Поднялись и вновь побрели по дороге. Верст через пять лес поредел и показалась большая деревня.
– Деболы, – пояснил Васюта.
С древней, замшелой колокольни раздавался веселый звон. Васюта перекрестился.
– Седни же Христос на небо вознесся. Праздник великий!
Вошли в деревню, но в ней было пустынно и тихо, бегали лишь тощие собаки.
– А где же селяне?
– Аль запамятовал, Иванка? В лесок уходят… Да вон они в рощице.
Иванка вспомнил, что в день Вознесения мужики из Богородского шли в лес; несли с собой дрочену, блины, лесенки, пироги с зеленым луком. Пировали там до пере-темок, а затем раскидывали печево: дрочену и пироги – на снедь Христу, блины – Христу на онучи, а лесенки – чтоб мирянину взойти на небо. Девки в этот день завивали березки. Было поверье: если венок не завянет до Пятидесятницы 164 164
Пятидесятница – Духов день.
[Закрыть], то тот, на кого береза завита, проживет без беды весь год, а девка выйдет замуж.

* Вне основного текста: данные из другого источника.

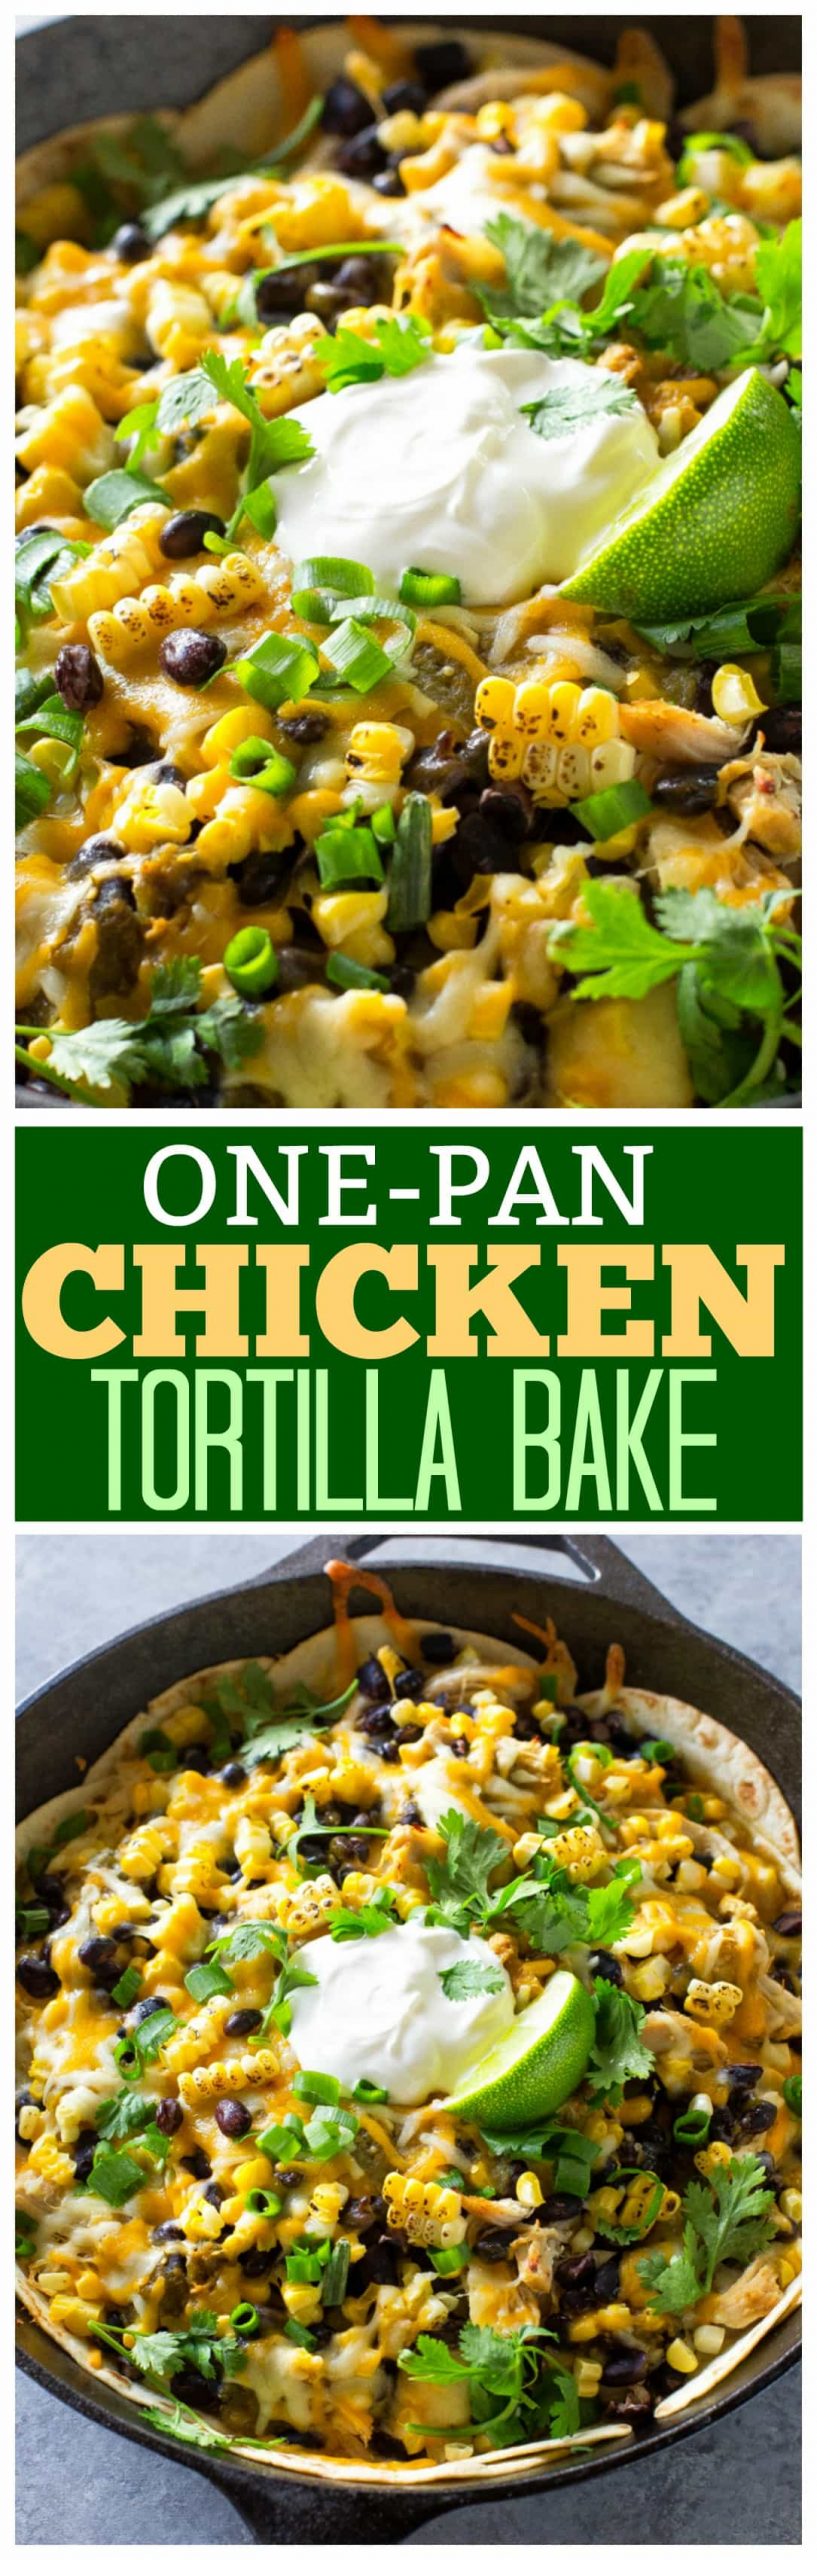 This One-Pan Chicken Tortilla Bake is a spicy Mexican dinner with only 7 ingredients. Layers of tortilla, chicken, black beans, and corn with lots of cheese in between.  #onepan #mexican #chicken #dinner #easy

Дошли до березняка, поклонились миру.
– Здорово жили, мужики.
Мужики мотнули бородами, а потом обернулись к дряхлому кудлатому старику в чистой белой рубахе. Тот поднял голову, глянул на парней из-под ладони и слегка повел немощной трясущейся рукой.
– Здорово, сынки. Поснедайте с нами.
Мужики налили из яндовы по ковщу пива.
– Чем богаты, тем и рады. Угощайтесь, молодцы.
Парни перекрестили лбы, выпили и вновь поясно поклонились. Трапеза была скудной: ни блинов, ни дрочены, ни пирогов с луком, одни лишь длинные тощие лесенки из мучных высевок, хлеб с отрубями, капуста да пиво.
– Знать, и у вас худо, – проронил Иванка. – Сколь деревень повидал, и всюду бессытица.
– Маятно живем, паря, – горестно вздохнул один из мужиков. – Почитай, седьмой год голодуем.
– А что ране – с хлебом были?
– С хлебом не с хлебом, а в такой затуге не были. Ране-то общиной жили, един оброк на царя платили. А тут нас государь владыке Варлааму пожаловал. Вконец заведовали. Владычные старцы барщиной да поборами замучили. Теперь кажный двор митрополита кормит.
– И помногу берет?
– Креста нет, парень. Четь хлеба, четь ячменя да четь овса. Окромя того барана дай, овчину да короб яиц. Попробуй, наберись. А по весне, на Николу вешнего, владычную землю пашем. И оброк плати и сохой ковыряй. Лютует владыка. Вот и выходит: худое охапками, доброе щепотью.
– Нет счастья на Руси, – поддакнул Васюта.
– Э-ва, – усмехнулся мужик. – О счастье вспомнил. Да его испокон веков не было. Счастье, милок, не конь: хомута не наденешь. И опосля его не будет. Сколь дней у бога напереди, столь и напастей.
– Верно, Ерема. Не будет для мужика счастья. Так и будем на господ спину гнуть, – угрюмо изрек старик.
– Счастье добыть надо. Его поклоном не получишь, – сказал Болотников.
– Добыть? – протянул Ерема, мужик невысокий, но плотный.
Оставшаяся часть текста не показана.